Trần Văn Ơn is a patriotic student at Pétrus Ky School. He played a crucial role in leading the student movement while preparing for his baccalaureate exam. At 16, he joined the patriotic student movement and became a secret member of the Inner City Resistance Student Union and the Vietnam - Southern Student Association. He was responsible for mobilizing students to oppose the French government and its supporters.

On January 9, 1950, Trần Văn Ơn and his friends vocally condemning the government's actions while shielding younger students. While assisting fellow student Ta Thi Thau, who had been rendered unconscious by the police, Trần Văn Ơn was struck in the stomach. He was shot while helping a student climb over a wall by using a pile of firewood. Trần Văn Ơn, along with other injured victims, was taken to Cho Ray Hospital for treatment and died at 3:30 PM that day. Trần Văn Ơn was just under 19 years old at the time of his death.

== Significance ==

=== Impact on US resistance war ===
During the resistance war against the United States, there were more significant events organized by students, such as "Three Readiness", "Five Volunteering", "Put Away the Books to Fight", "Sing for My People", "Rise Up and Go". There were more students participating in military activities, contributing to the war effort through various movements. These movements became emblematic of the patriotic spirit and dedication of Vietnamese students, who played a crucial role in the struggle for national independence and freedom.

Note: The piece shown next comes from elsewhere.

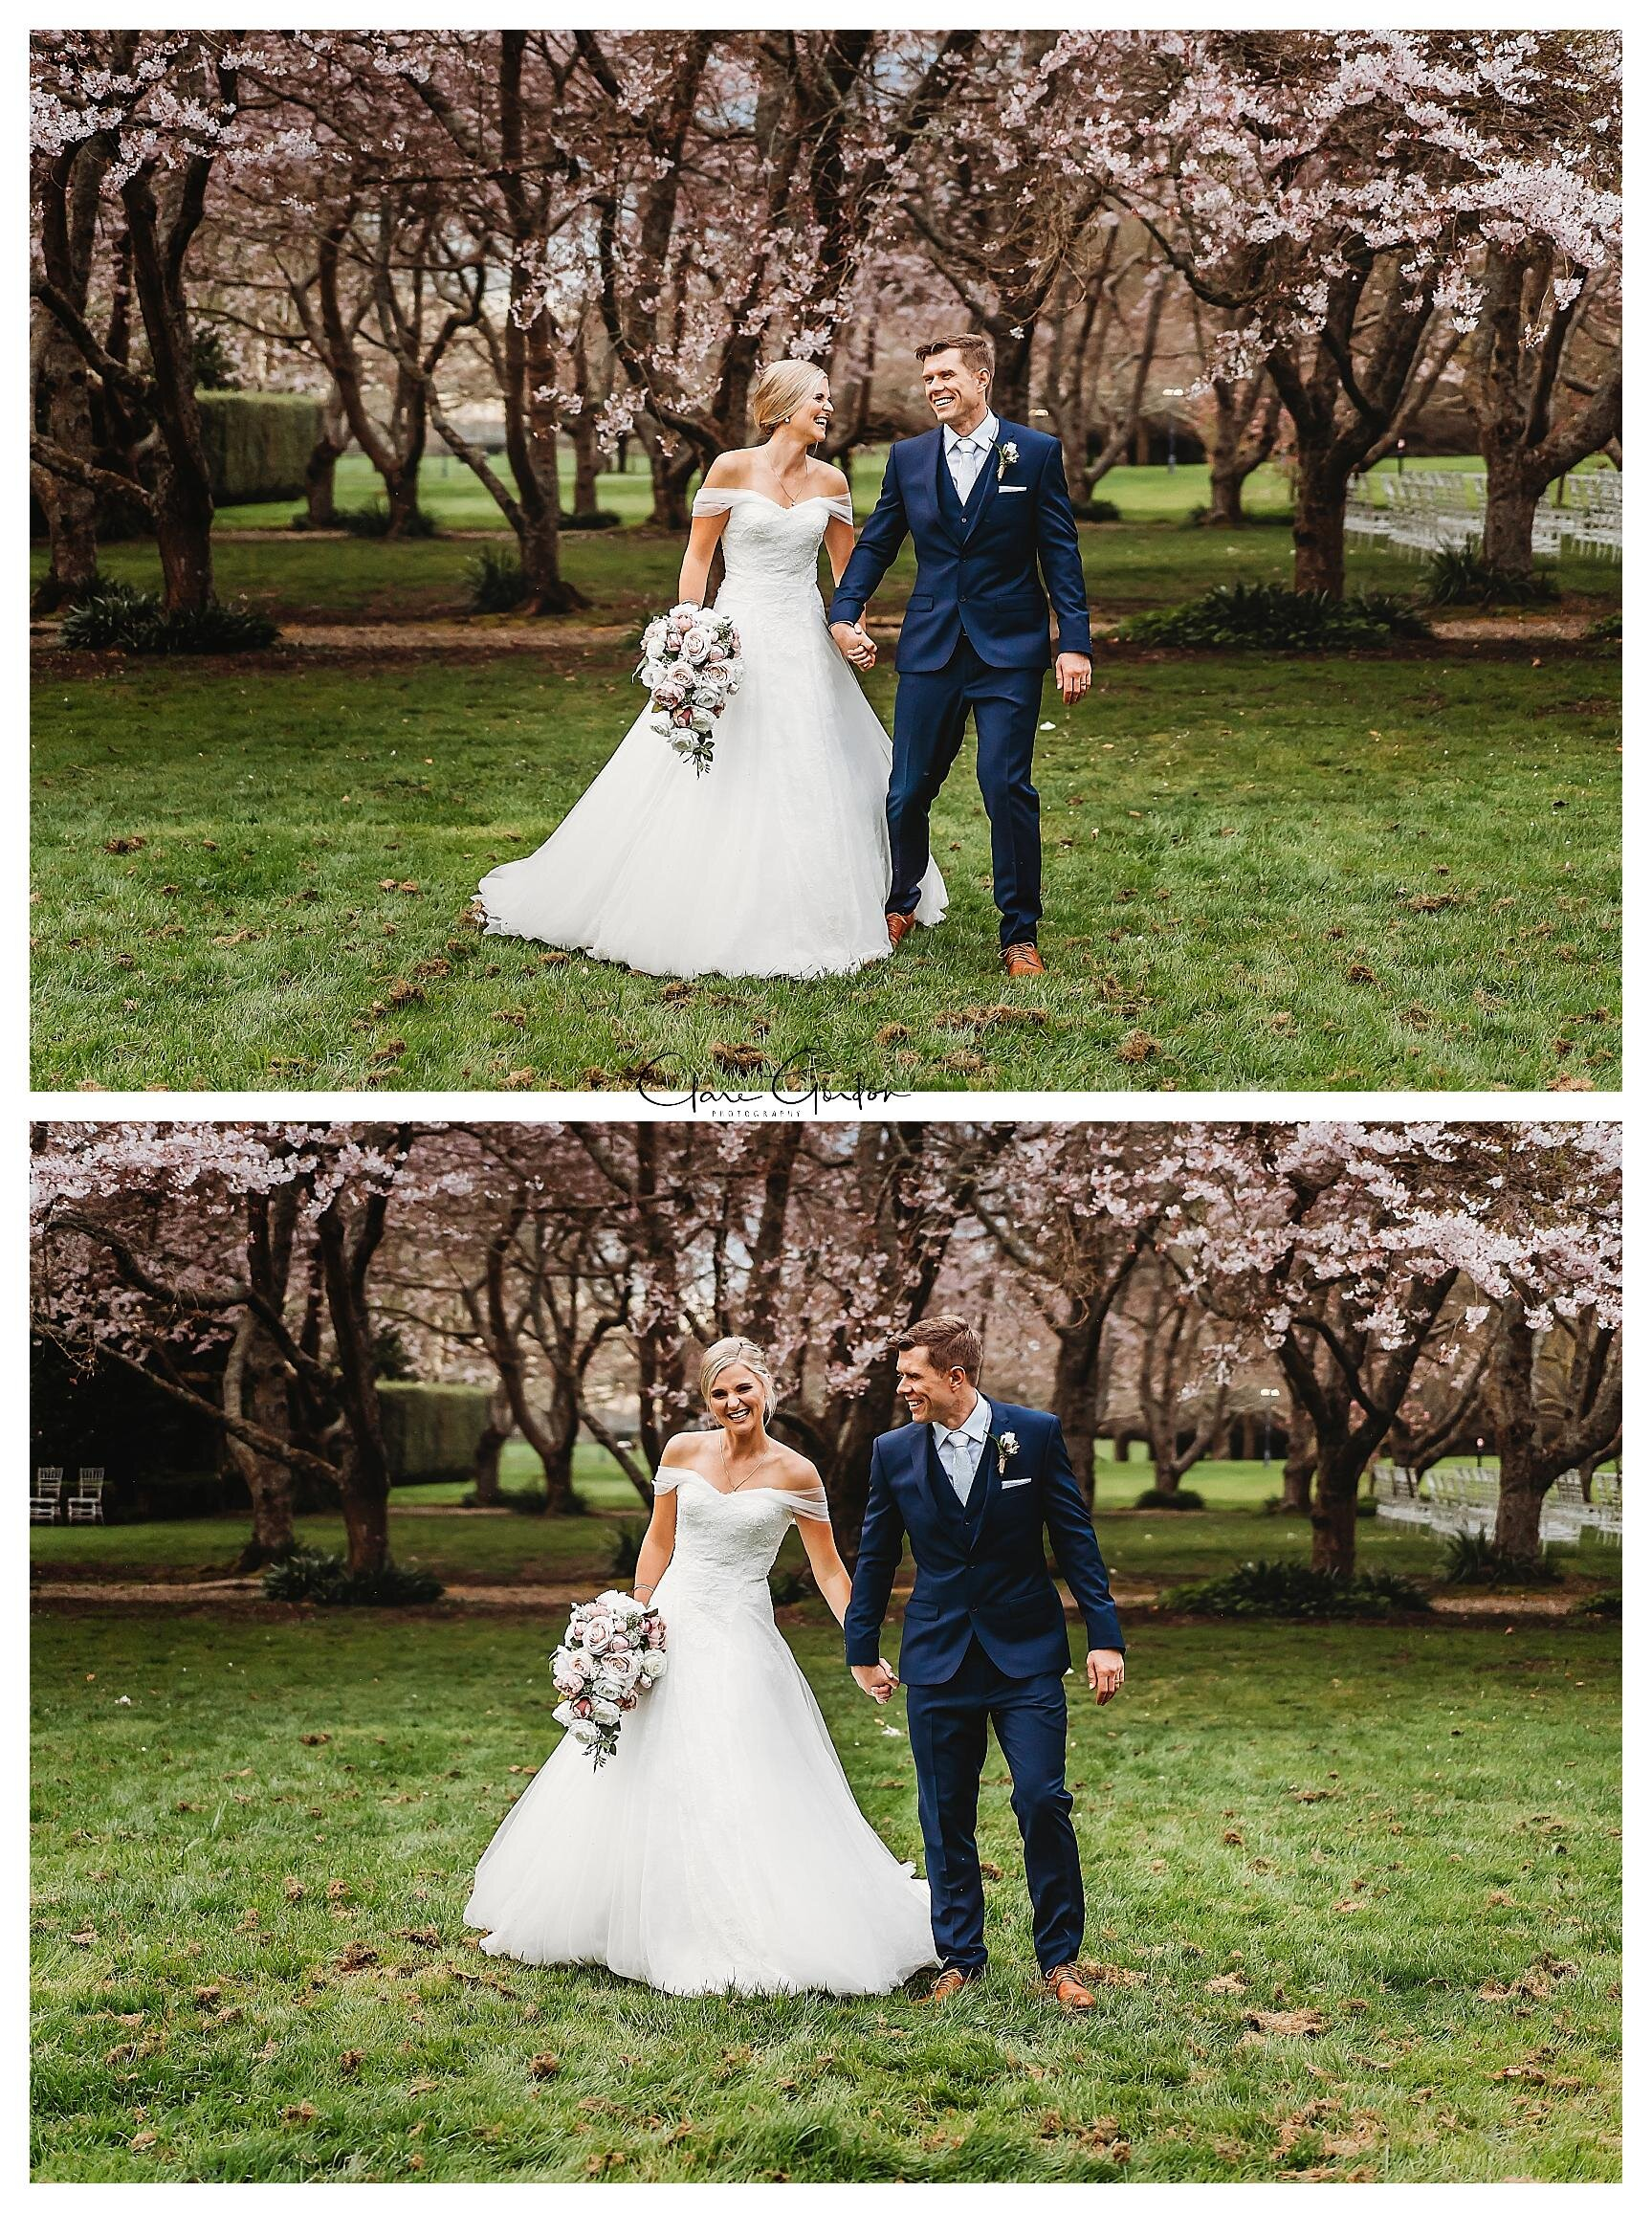 Henley-Hotel-Cherry-blossom-wedding-photos (67).jpg

=== Impact on the cause of national renovation ===

- Youth Movements: Many initiatives are conducted by the Youth Union, such as "Study and Train for Tomorrow's Career" and "Voluntary Student Movement."
- Volunteer Activities: Students participates in programs like "Supporting Exam Season," "Warm Winter," and "Green Summer."
- "Five Good Student Movement": Every year, on this day, HCYU Central Committee honors the titles of 'Three Good Students', 'Three Training Students', and 'Five Good Students' for outstanding students to promote good ethics, study, physical strength, volunteering, and integration. The title became a prestigious achievement and symbolized the exemplary image of new-generation students.
- Vietnam Student Association: For over 65 years, the Vietnam Student Association has been a political-social organization connecting students with the Party and the State. The movements have significantly contributed to the efforts of building and defending the country. The proud traditions of the Association include patriotism, a passion for learning, creativity, and mutual support among students.